▶ _Data_
──────────
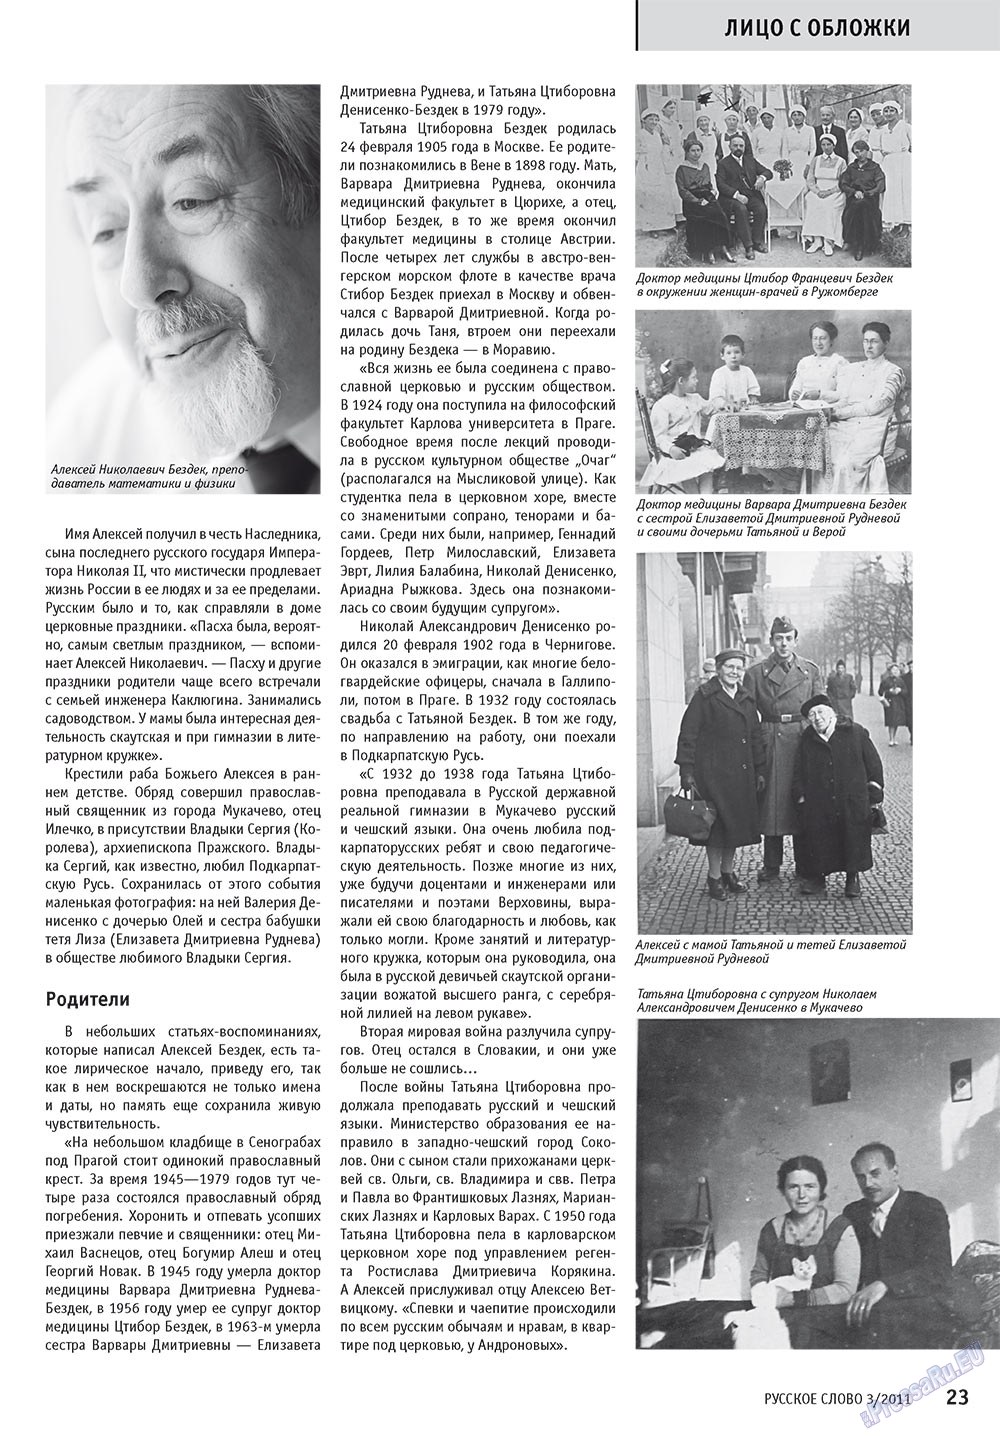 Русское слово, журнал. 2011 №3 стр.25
──────────
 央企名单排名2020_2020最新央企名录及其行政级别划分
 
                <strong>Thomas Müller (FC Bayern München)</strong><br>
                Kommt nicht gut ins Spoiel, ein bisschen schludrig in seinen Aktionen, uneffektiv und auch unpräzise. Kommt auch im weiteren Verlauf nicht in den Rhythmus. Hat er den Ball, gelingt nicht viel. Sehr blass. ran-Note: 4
──────────
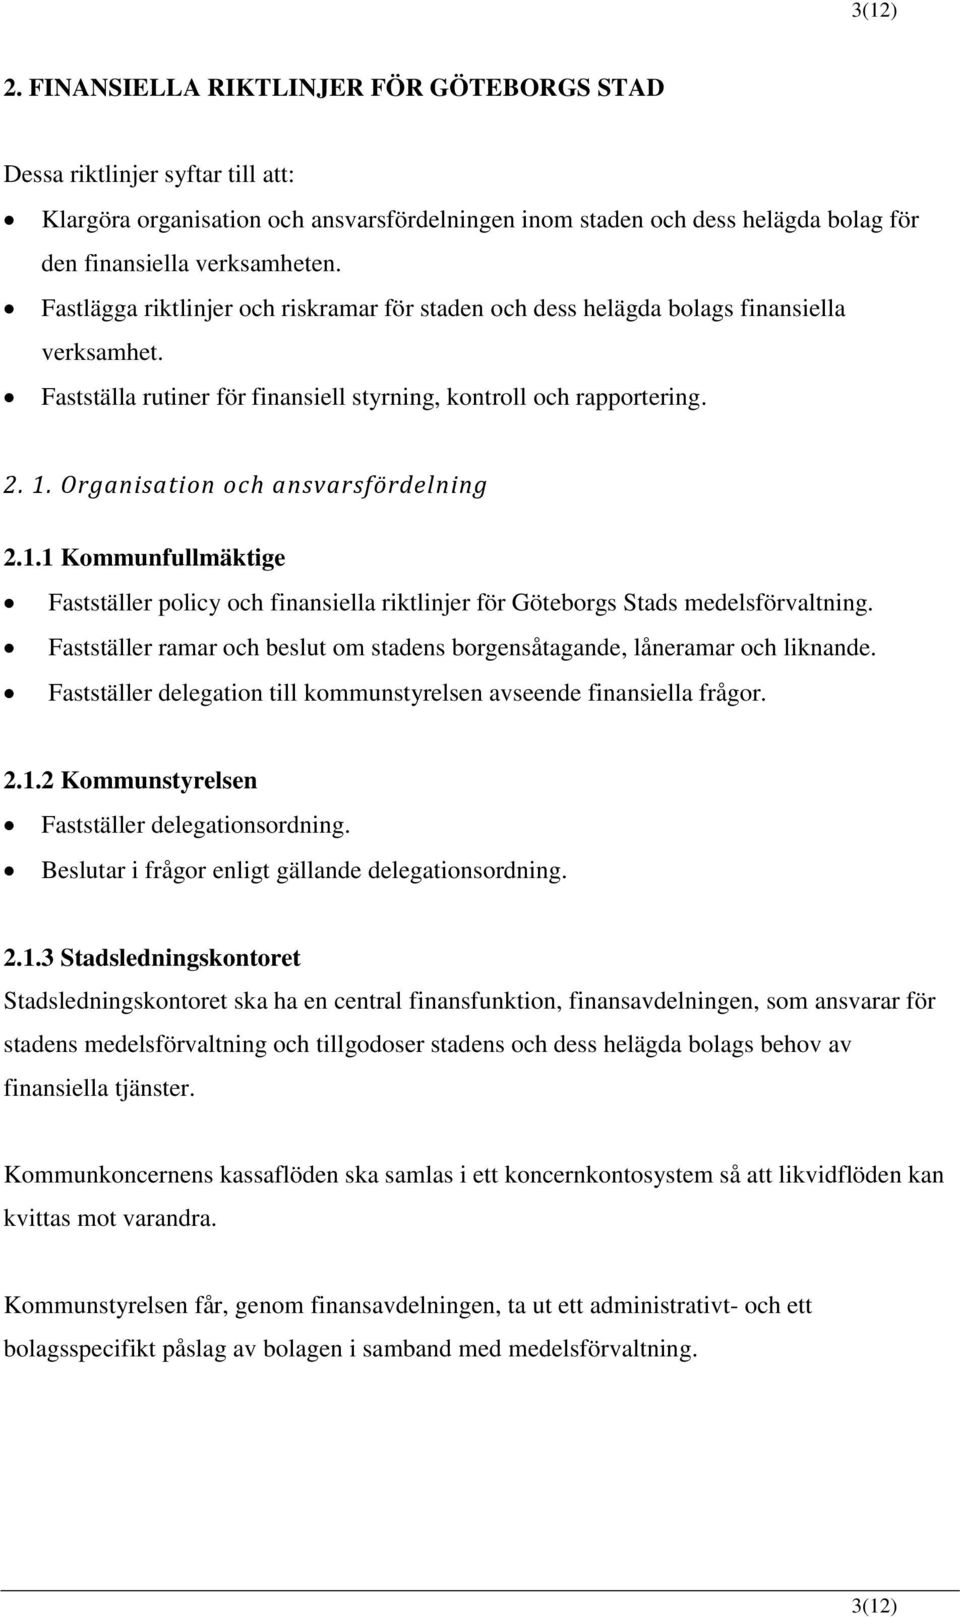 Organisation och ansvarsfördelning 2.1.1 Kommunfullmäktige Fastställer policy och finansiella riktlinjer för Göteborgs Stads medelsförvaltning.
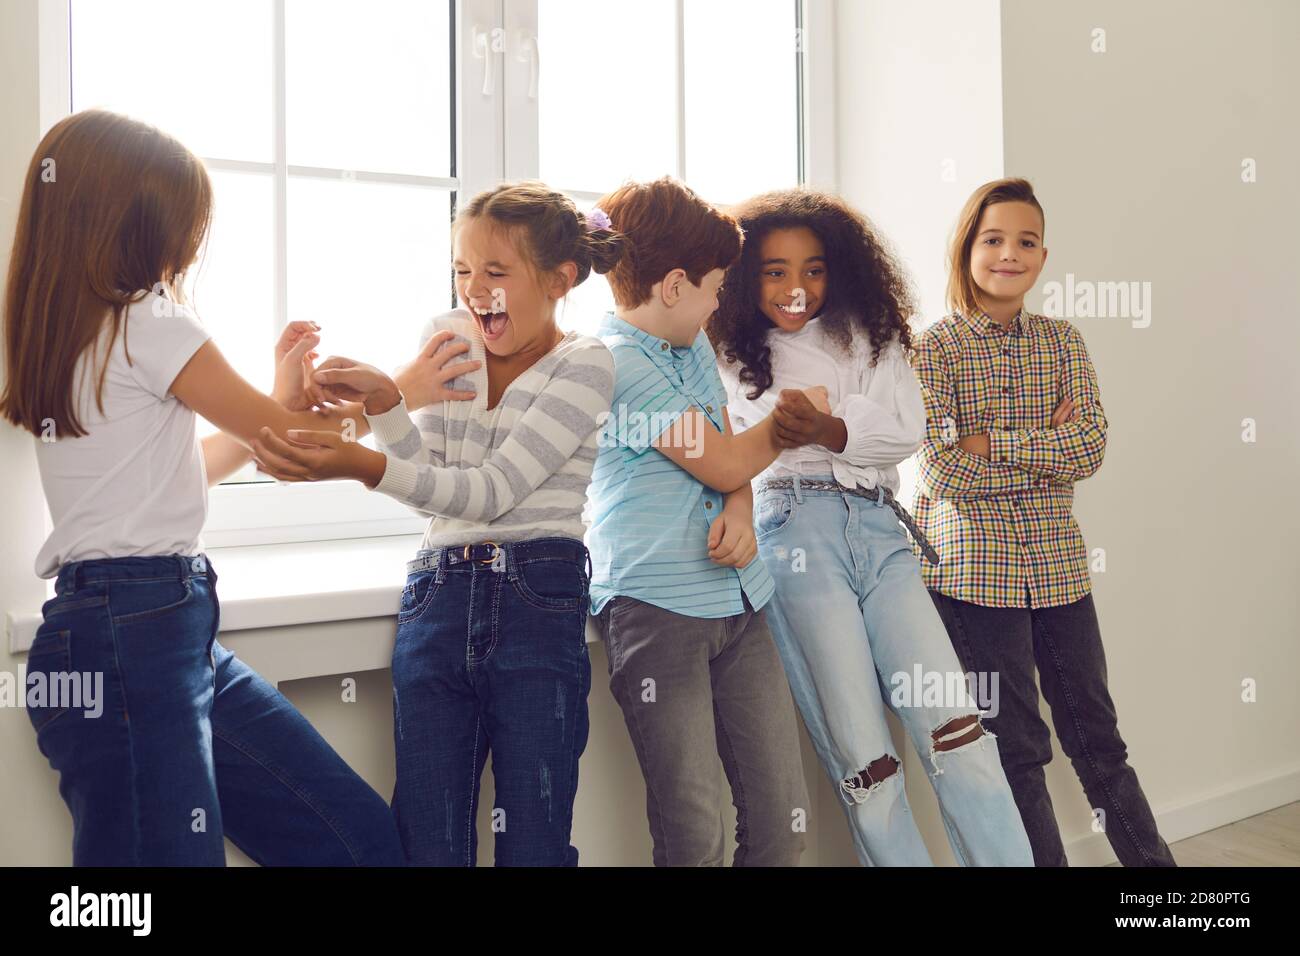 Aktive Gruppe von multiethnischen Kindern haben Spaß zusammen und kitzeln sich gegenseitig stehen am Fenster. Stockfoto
──────────
▶ _Work item_
Nothing should appear in the answer except the lines above from the line with "<strong>Thomas Müller (FC" through the line with "Kommt nicht gut", both included, written out exactly.

▶ _Answer for the task_
                <strong>Thomas Müller (FC Bayern München)</strong><br>
                Kommt nicht gut ins Spoiel, ein bisschen schludrig in seinen Aktionen, uneffektiv und auch unpräzise. Kommt auch im weiteren Verlauf nicht in den Rhythmus. Hat er den Ball, gelingt nicht viel. Sehr blass. ran-Note: 4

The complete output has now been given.